Abram, did you disagree about this with others at MIRI, so the behavior of GPT4 was an update for you but not for them, or do you think they are misremembering/misconstructing their earlier thoughts on this matter, or is there a subtle distinction here that I’m missing?
“Misinterpretation” is somewhat ambiguous. It either means not correctly interpreting the intent of an instruction (and therefore also not acting on that intent) or correctly understanding the intent of the instruction while still acting on a different interpretation. The latter is presumably what the outcome pump was assumed to do. LLMs can apparently both understand and act on instructions pretty well. The latter was not at all clear in the past.
I more-or-less agree with Eliezer’s comment (to the extent that I have the data necessary to evaluate his words, which is greater than most, but still, I didn’t know him in 1996). I have a small beef with his bolded “MIRI is always in every instance” claim, because a universal like that is quite a strong claim, and I would be very unsurprised to find a single counterexample somewhere (particularly if we include every MIRI employee and everything they’ve ever said while employed at MIRI).
What I am trying to say is something looser and more gestalt. I do think what I am saying contains some disagreement with some spirit-of-MIRI, and possibly some specific others at MIRI, such that I could say I’ve updated on the modern progress of AI in a different way than they have.
For example, in my update, the modern progress of LLMs points towards the Paul side of some Eliezer-Paul debates. (I would have to think harder about how to spell out exactly which Eliezer-Paul debates.)
One thing I can say is that I myself often argued using “naive misinterpretation”-like cases such as the paperclip example. However, I was also very aware of the Eliezer-meme “the AI will understand what the humans mean, it just won’t care”. I would have predicted difficulty in building a system which correctly interprets and correctly cares about human requests to the extent that GPT4 does.
This does not mean that AI safety is easy, or that it is solved; only that it is easier than I anticipated at this particular level of capability.

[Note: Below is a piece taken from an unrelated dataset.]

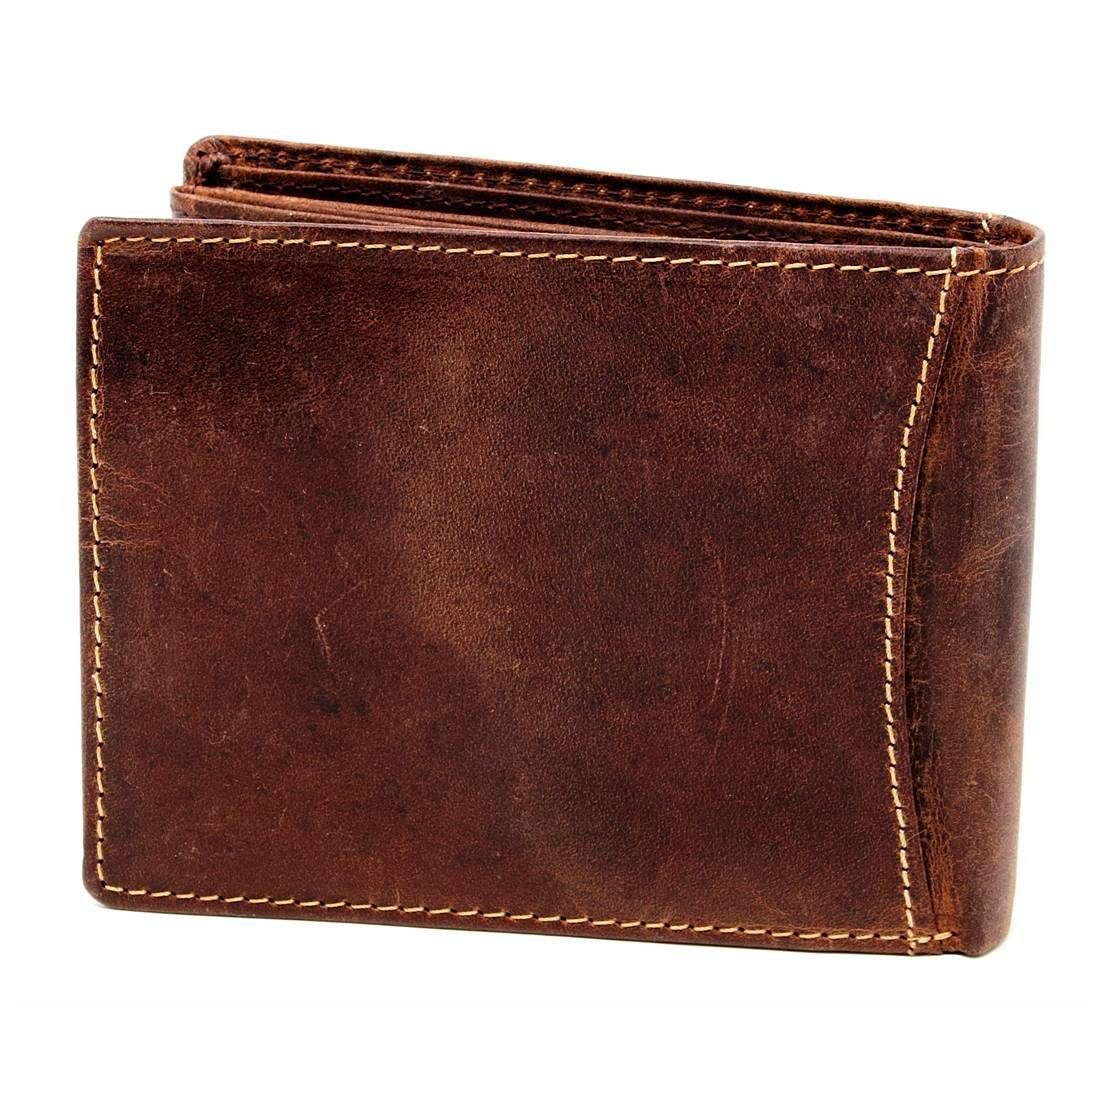 Brieftasche Portemonnaie, Schutz Leder SHG mit Geldbörse Lederbörse Börse Münzfach Herren Büffelleder Männerbörse RFID

Getting more specific to what I wrote in the post:
My claim is that modern LLMs are “doing roughly what they seem like they are doing” and “internalize human intuitive concepts”. This does include some kind of claim that these systems are more-or-less ethical (they appear to be trying to be helpful and friendly, therefore they “roughly are”).
The reason I don’t think this contradicts with Eliezer’s bolded claim (“Getting a shape into the AI’s preferences is different from getting it into the AI’s predictive model”) is that I read Eliezer as talking about strongly superhuman AI with this claim. It is not too difficult to get something into the values of some basic reinforcement learning agent, to the extent that something like that has values worth speaking of. It gets increasingly difficult as the agent gets cleverer. At the level of intelligence of, say, GPT4, there is not a clear difference between getting the LLM to really care about something vs merely getting those values into its predictive model. It may be deceptive or honest; or, it could even be meaningless to classify it as deceptive or honest. This is less true of o1, since we can see it actively scheming to deceive.